JAKARTA – Penyidik Kejaksaan Agung (Kejagung), kembali melakukan penahanan terhadap satu tersangka kasus dugaan tindak pidana korupsi jual beli Izin Usaha Pertambangan (IUP) batu bara di Kabupaten Sarolangun, Jambi, Kamis (3/6/2021) malam. Perizinan tersebut dilakukan oleh anak perusahaan PT Antam Tbk.

Penahanan terhadap satu tersangka berinisial AT itu, menambah jumlah tersangka yang ditahan oleh penyidik Kejagung menjadi lima orang. Sementara, total keseluruhan tersangka yang telah ditetapkan ada enam orang. “Tersangka AT ditahan selama 20 hari ke depan di Rutan Salemba Cabang Kejari Jakarta Selatan,” kata Kepala Pusat Penerangan Hukum (Kapuspenkum) Kejagung, Leonard Eben Ezer Simanjuntak, Kamis (3/6/2021).

Tersangka AT, dibawa ke Rutan Salemba Cabang Kejaksaan Negeri (Kejari) Jakarta Selatan, setelah menjalani pemeriksaan di Gedung Bundar Jaksa Agung Muda Tindak Pidana Khusus, Kamis (3/6/2021) pukul 17.46 WIB.

Leonard mengungkapkan, AT, selaku Direktur Operasional PT Indonesia Coal Resources (ICR) anak perusahaan PT Antam Tbk dalam perkara ini, adalah mengajukan penambahan modal Rp121 miliar.

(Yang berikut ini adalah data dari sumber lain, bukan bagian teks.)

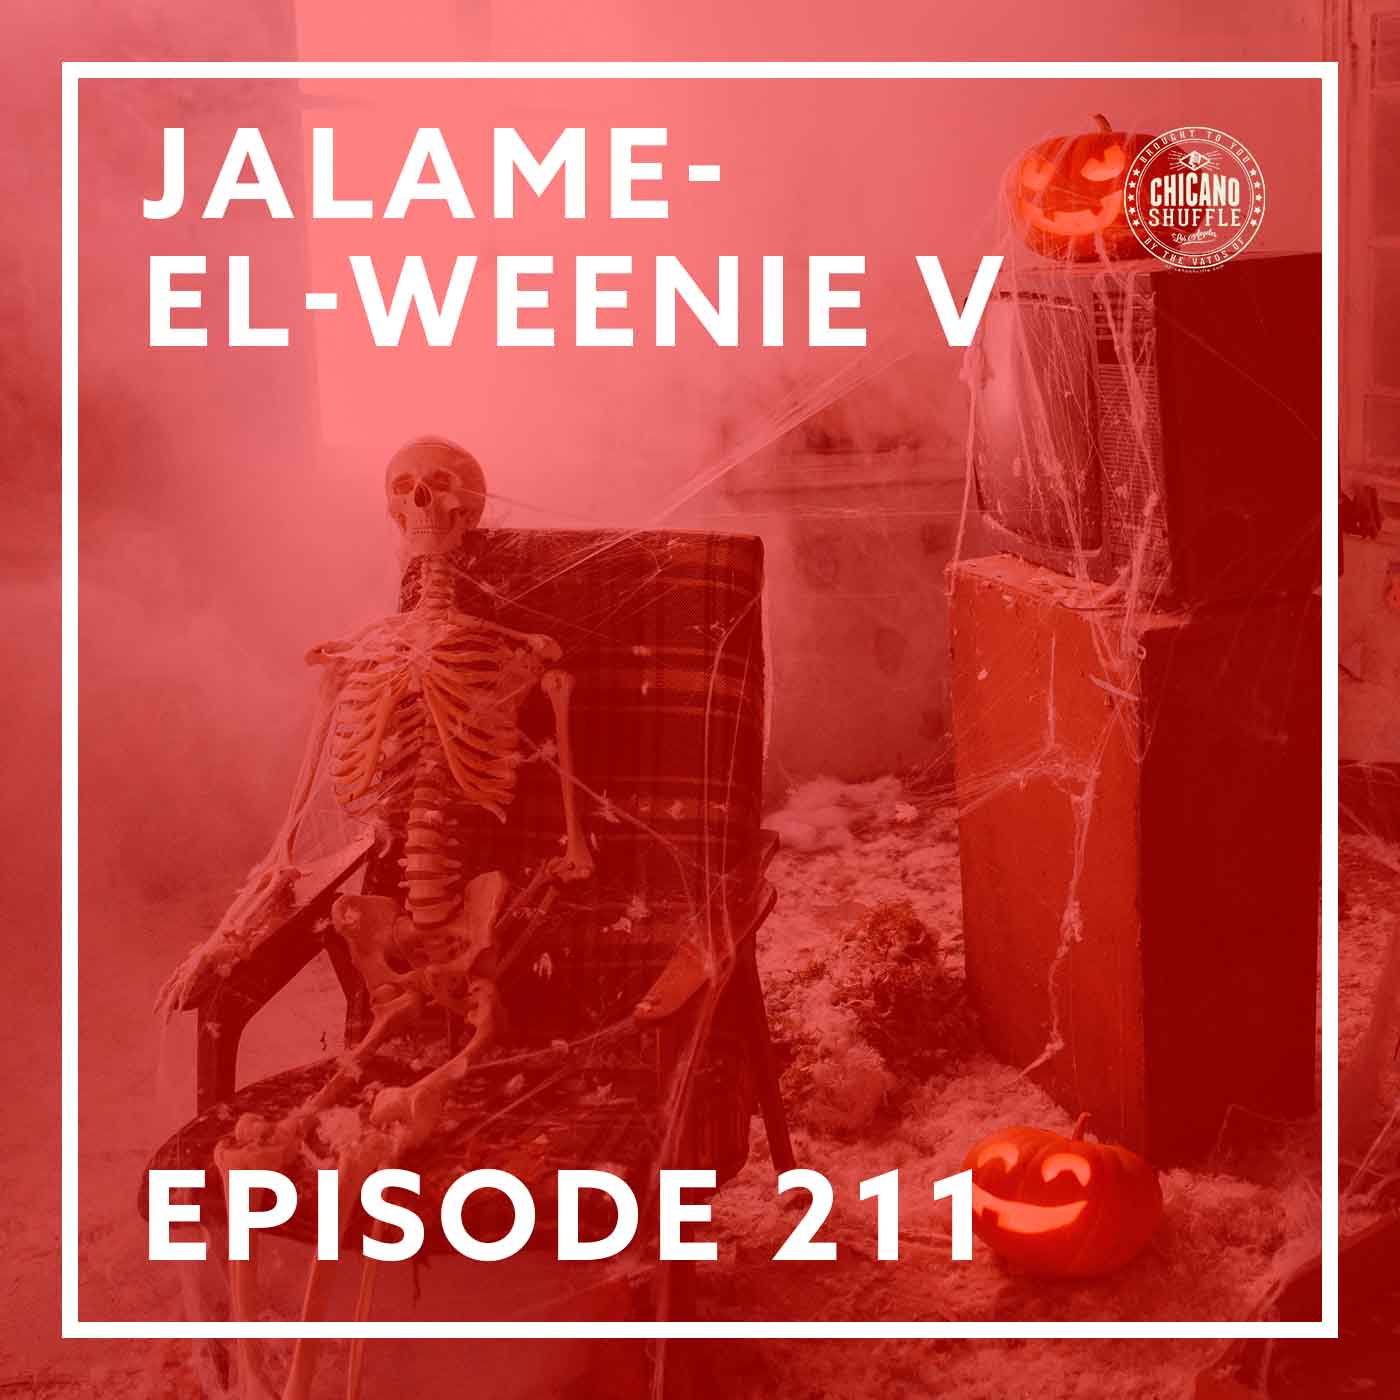 Episode 211 – Jalame-el-weenie V

Pengajuan tersebut tanpa melakukan pengecekan di lapangan dan bahkan menggunakan data dari penjual. “Pasal yang disangkakan sama dengan empat tersangka lainnya yang telah ditahan pada Rabu (2/6/2021) kemarin,” kata Leonard.

Setelah penahanan satu tersangka itu, tim penyidik Kejagung juga akan melakukan upaya penahanan terhadap satu tersangka lainnya, yakni MT, yang menjabat sebagai Komisaris PT Citra Tobindo Sukses Perkara. Leonard mengatakan, MT berhalangan hadir pada pemeriksaan di Kamis (3/6/2021), dengan alasan sakit. Rencana, akan dilakukan pemanggilan ulang pada minggu depan.

Sebelumnya, penyidik Kejagung melakukan penahanan terhadap empat orang tersangka perkara dugaan tindak pidana korupsi penyimpangan dalam proses pengalihan izin usaha pertambangan (IUP) batu bara seluas 400 hektare di Kabupaten Sarolangun, Jambi, dari anak perusahaan PT Antam Tbk. (Baca: https://www.cendananews.com/2021/06/empat-tersangka-kasus-korupsi-anak-perusahaan-antam-ditahan-jaksa.html) (Ant)

Lihat juga...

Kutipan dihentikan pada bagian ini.